Exercise prompt:
When you copy from the entries that follow, take only the lines from the one with "Allen's Hummingbird. Alexander" down to the one with "POKONBOY Superhero Slap", keeping both ends and dropping every picture.

Given data:
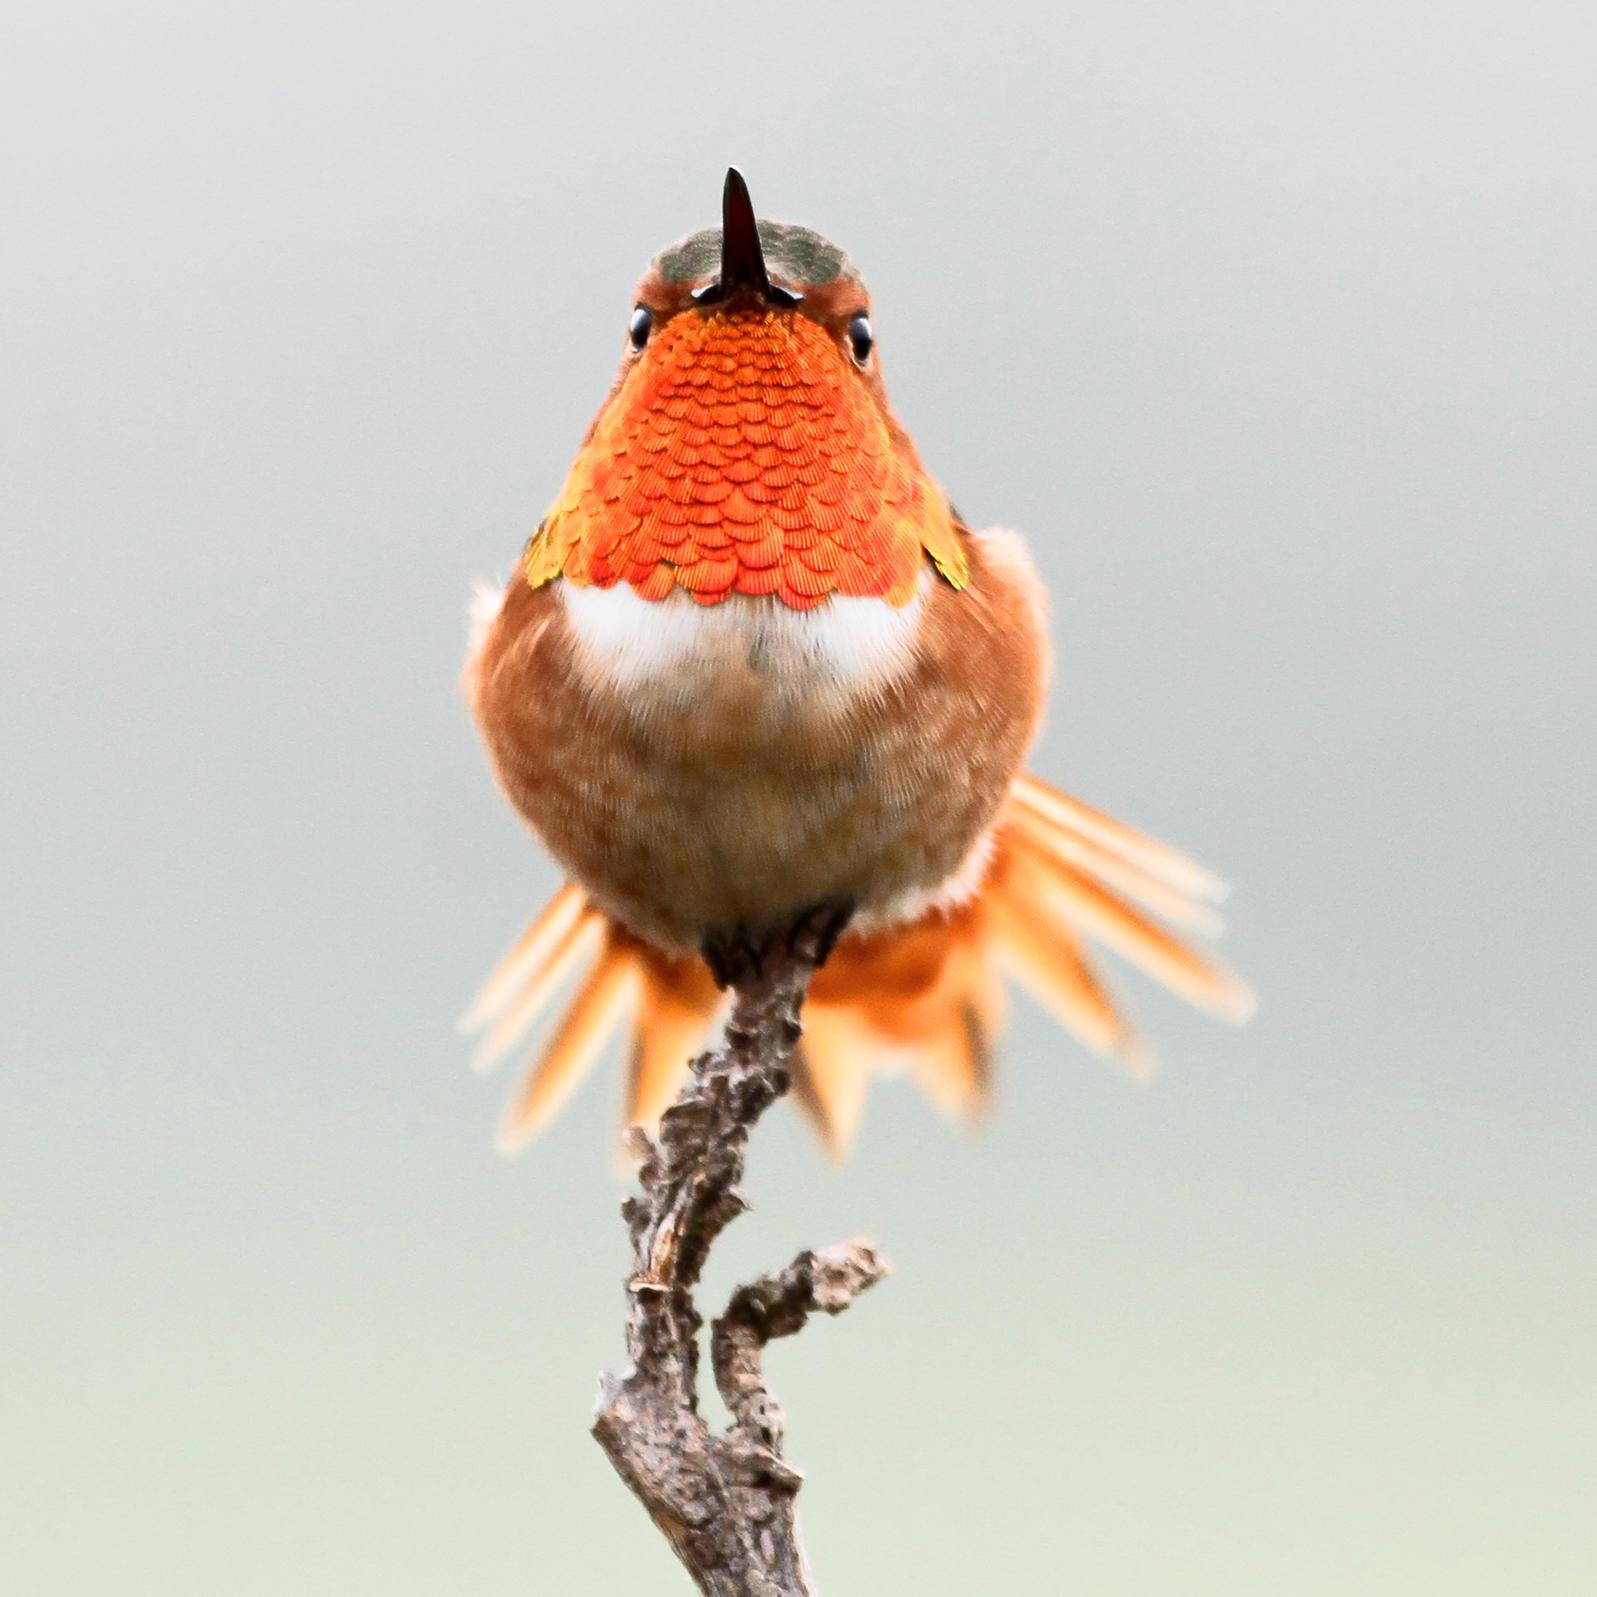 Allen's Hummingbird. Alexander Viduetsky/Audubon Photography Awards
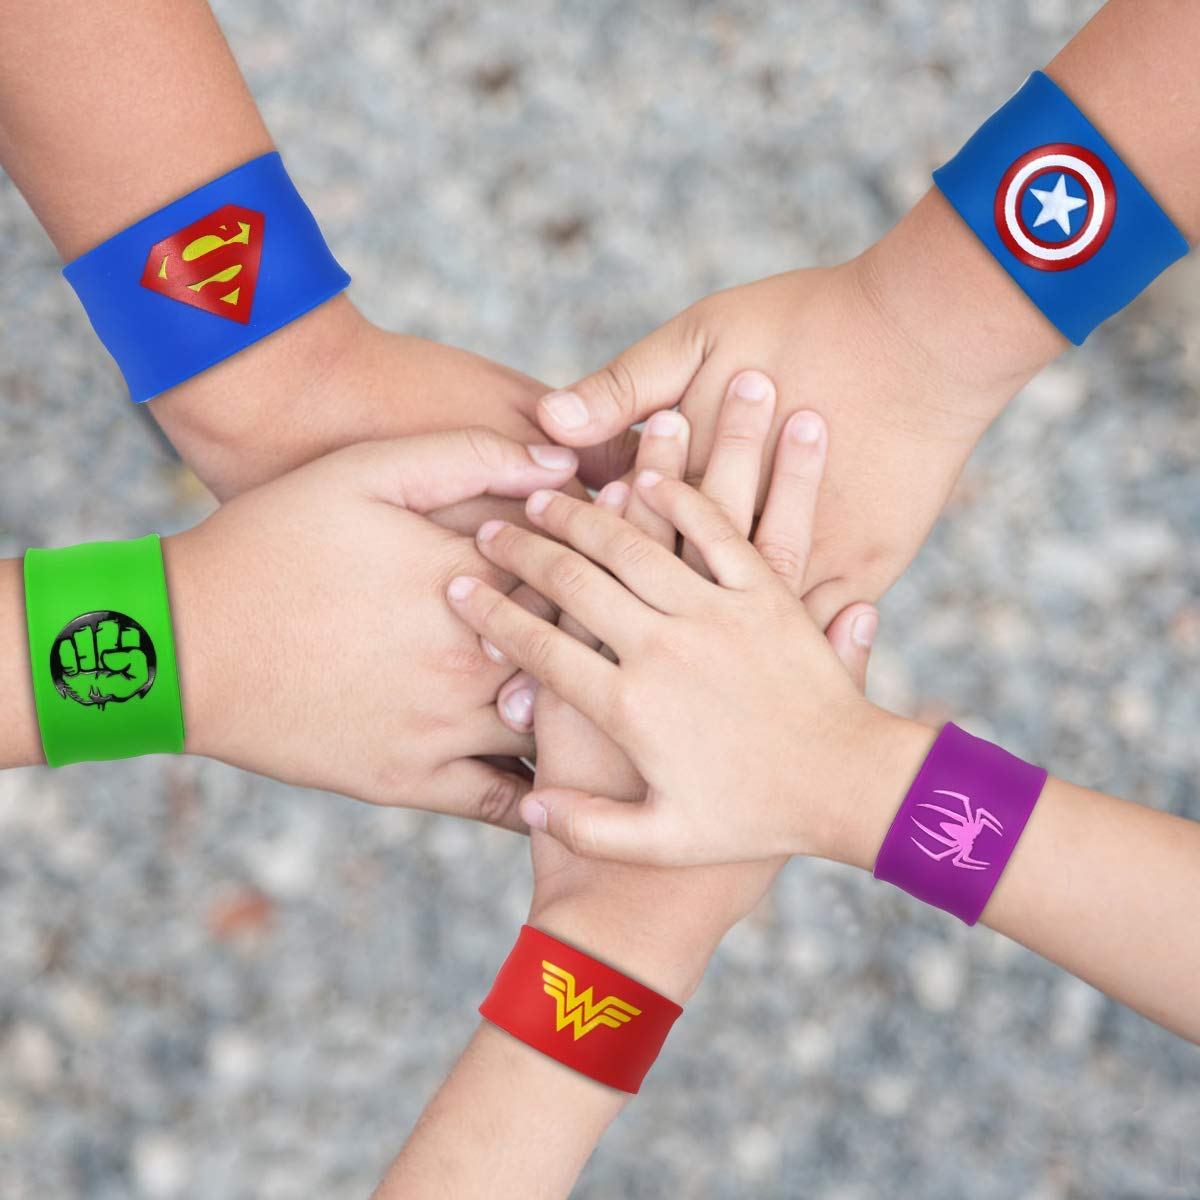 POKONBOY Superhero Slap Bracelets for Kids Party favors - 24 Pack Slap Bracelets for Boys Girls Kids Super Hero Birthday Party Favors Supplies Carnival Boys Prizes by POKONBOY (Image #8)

* * *

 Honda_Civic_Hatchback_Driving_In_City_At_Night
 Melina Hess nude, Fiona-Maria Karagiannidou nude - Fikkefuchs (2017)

Final answer:
 Allen's Hummingbird. Alexander Viduetsky/Audubon Photography Awards
 POKONBOY Superhero Slap Bracelets for Kids Party favors - 24 Pack Slap Bracelets for Boys Girls Kids Super Hero Birthday Party Favors Supplies Carnival Boys Prizes by POKONBOY (Image #8)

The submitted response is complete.